The gameplay is slow and deliberate—but not boring—requiring precise timings for attacks, movement, and leaps of faith. Flying medusa heads, gargoyles, goblins, dragon skeletons, zombies, undead pirates, vampire bats, and more threaten and attack across stages that evoke the Gothic horror films that I would see years and decades later: a besieged European village, a haunted forest, stone ruins, catacombs, trap-filled dungeons, a ghost ship, and of course Dracula’s castle.
These environments (and many of their hazards) are pulled directly from The Torture Chamber of Dr. Sadism, The Haunted Palace, The Bloody Pit of Horror, the Blind Dead series, the Universal monster films, and of course, Hammer’s Dracula and Frankenstein pictures. When I finally saw these movies as an adult, I realized that it was Castlevania that had first burned these images into my subconscious, giving me the initial visual and thematic vocabulary for one of my preferred styles of horror, a tool set that I would ultimately employ in Project Vampire Killer.
That the game was far too challenging for me as a kid was an issue, of course, but passwords, the extra lives code (“HELP ME”), and extreme boredom helped me stick with the game, even if I did not beat it until I was an adult. With the release of the Castlevania Anniversary Collection on all major gaming platforms, I’ve played through the game multiple times, only using save states to record my progress between levels, and not to mitigate the consequences of losing a life. Playing the game with only the lives and continues the game offers is a satisfying experience—you actually get better at the game, rather than relying on experience points and stat buffs to brute force your way forward. I would however recommend that players start with the Japanese version, Akumajō Densetsu, as it is balanced better, less frustrating to play, uncensored, and has a stronger soundtrack. (It is also included in the Castlevania Anniversary Collection.)

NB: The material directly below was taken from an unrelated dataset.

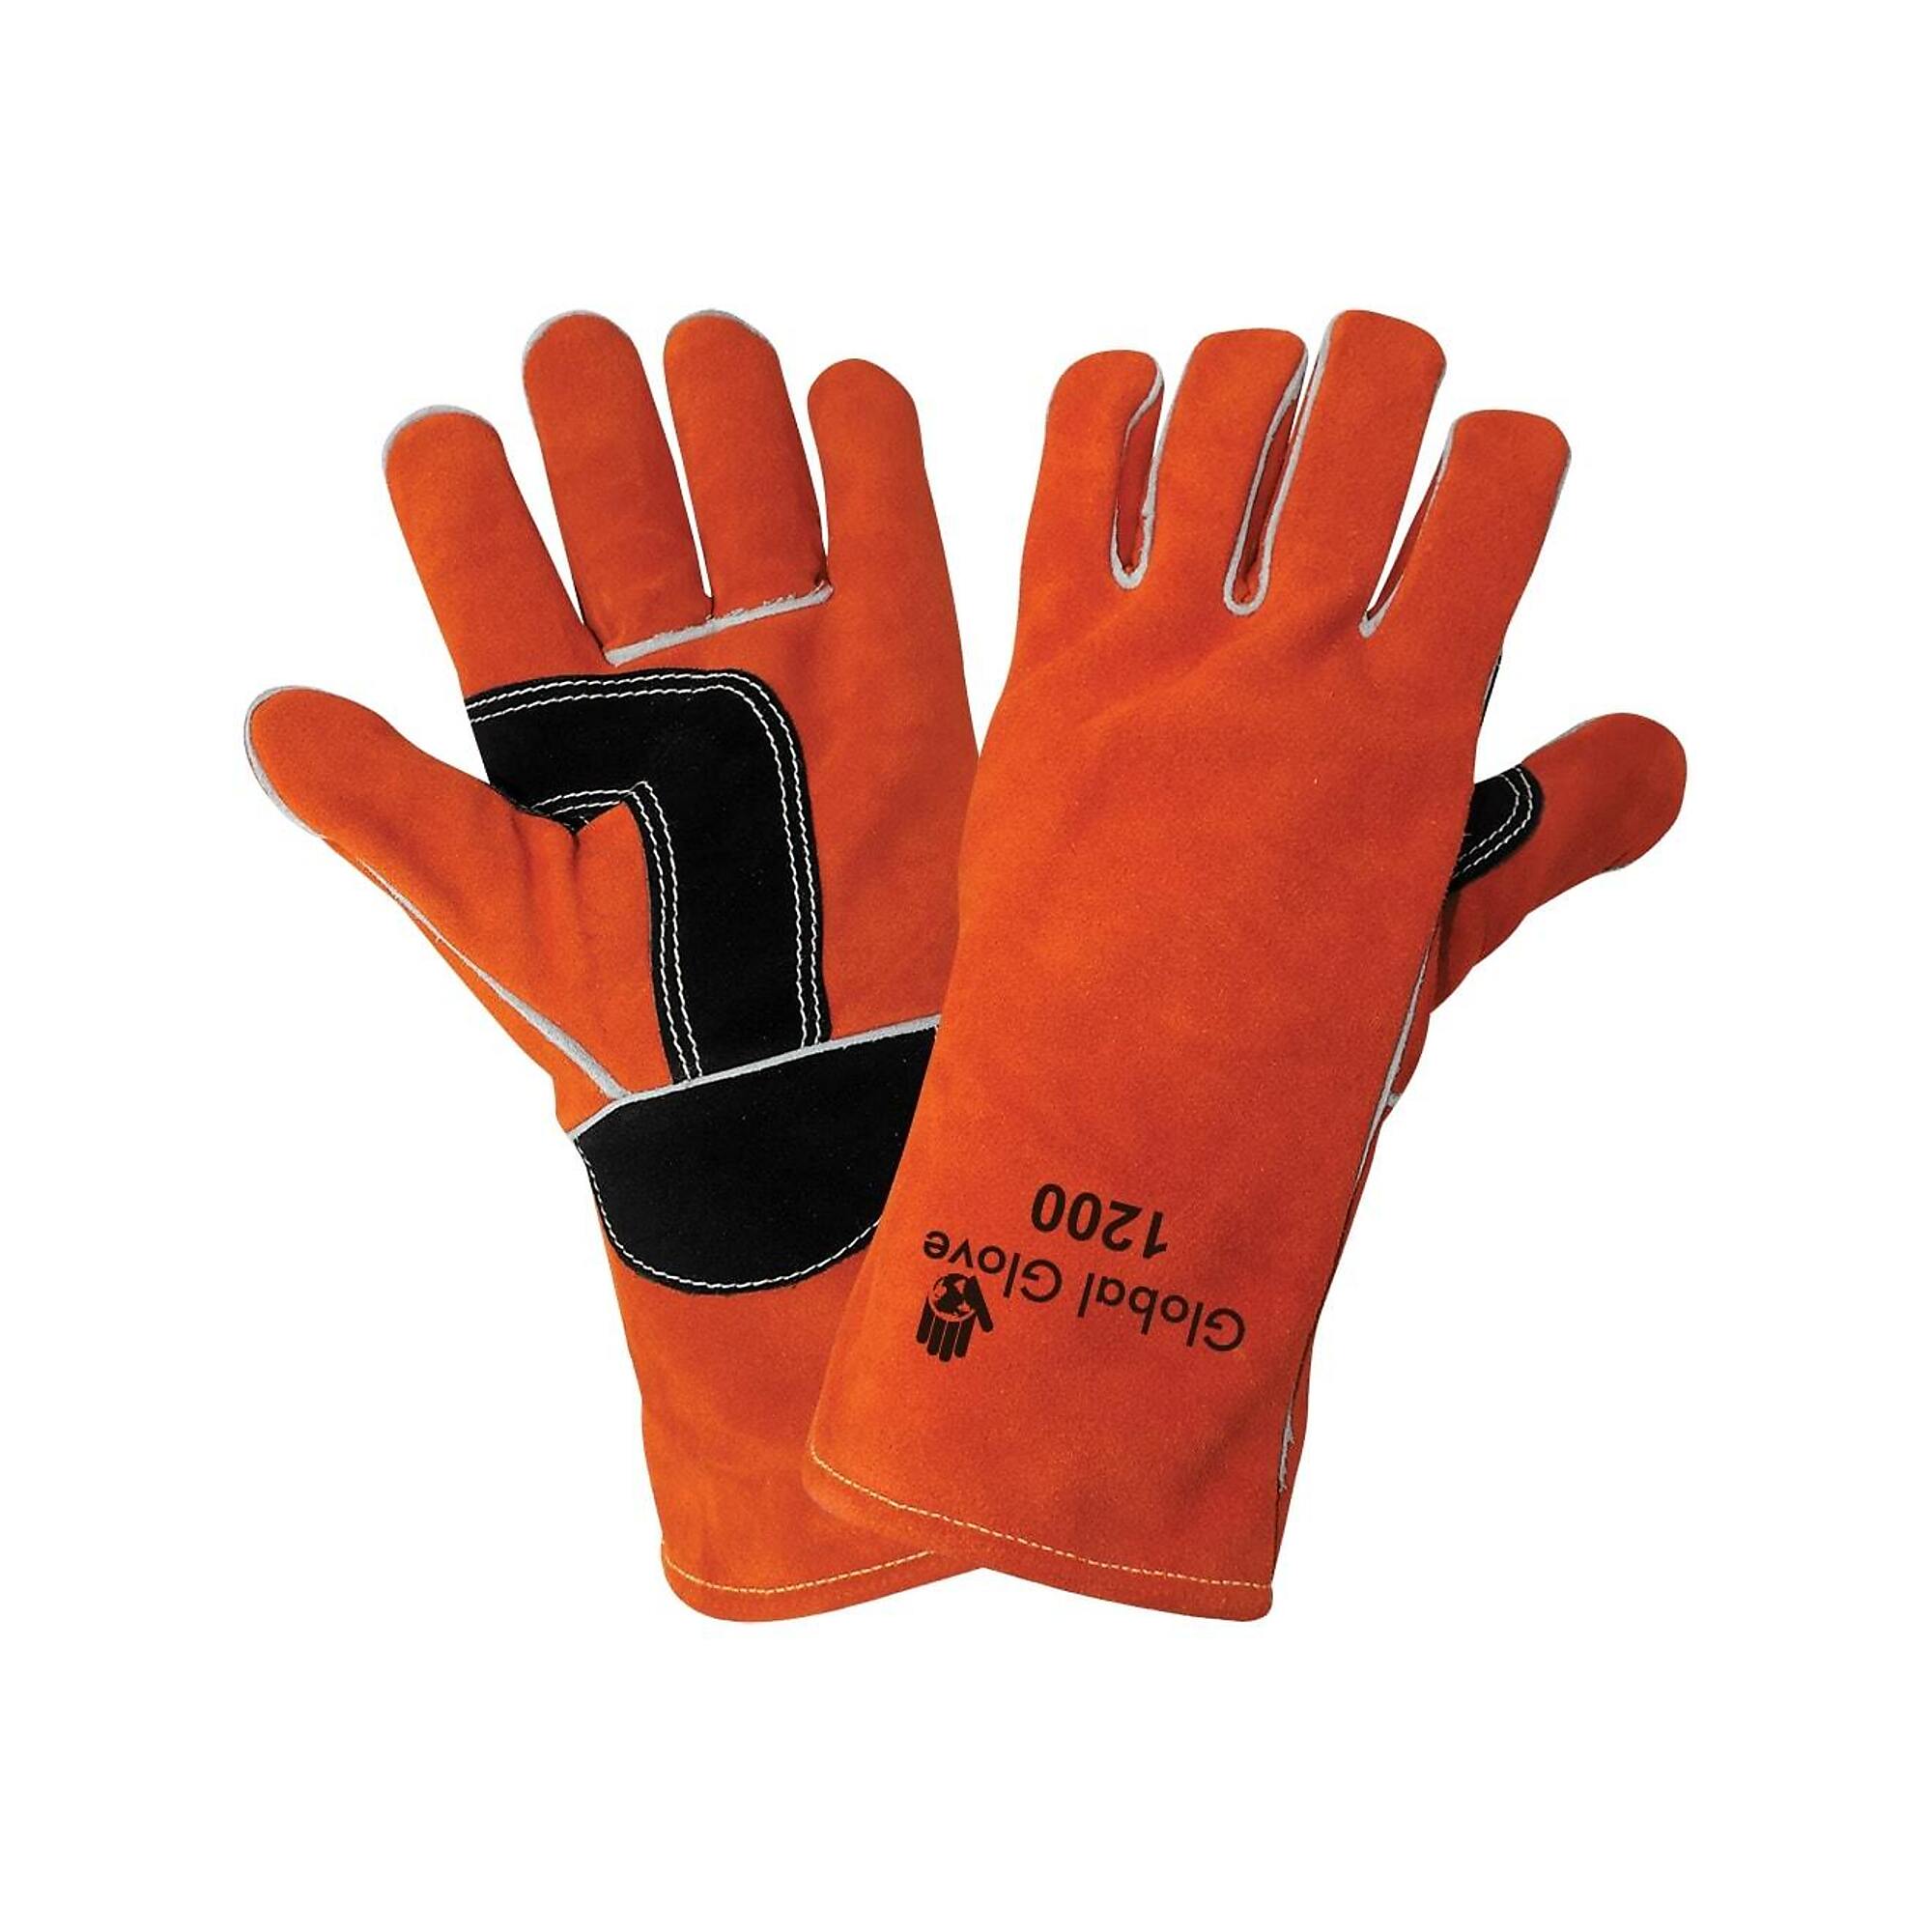 Global Glove, Prem Leather 16Inch, Cut Resistant A2 Welders Gloves - 12 Pairs, Size One Size, Color Orange/Black, Included (qty.) 12 Model 1200

Super Castlevania IV came next, and was a step forward in graphics and gameplay, but only featured one character and no branching paths. It remains a personal favorite, as does the original Castlevania, Castlevania: Bloodlines for the Sega Genesis, and Rondo of Blood that capped off the traditional side-scrolling era of the franchise. Symphony of the Night would emerge as a remix of that classic formula, expanding upon the mechanics first introduced in Castlevania II: Simon’s Quest but delivering on their promise through refined design and the incredible audio and graphics capabilities of the Sony PlayStation.
What followed was an age of “metroidvania” style action-RPGs that did not, for me, live up to the dark, challenging, more straightforward, Gothic horror of the original games. I never played the reboot series, and the “spiritual successor” Bloodstained series strays too far from those Gothic roots into overwrought anime design for my tastes (although the Ritual of the Moon subseries has some great platforming action more in line with Castlevania III). Bloodborne is the closest thing we have to a contemporary Castlevania game, taking the inspiration the series provided to Dark Souls’ gameplay and running full bore into Gothic (and cosmic!) horror territory.
Castlevania III helped ignite in me an appreciation for Gothic horror tropes and imagery well before I ever encountered the source material that inspired it. I did not have anyone to show me the way, until Hitoshi Akamatsu and his team at Konami came along, delivering a game that would help shape my taste in culture, film, and literature for decades to come. Project Vampire Killer references the iconography and themes of Castlevania, and had I not played Dracula's Curse when I was younger, I doubt the book would exist at all.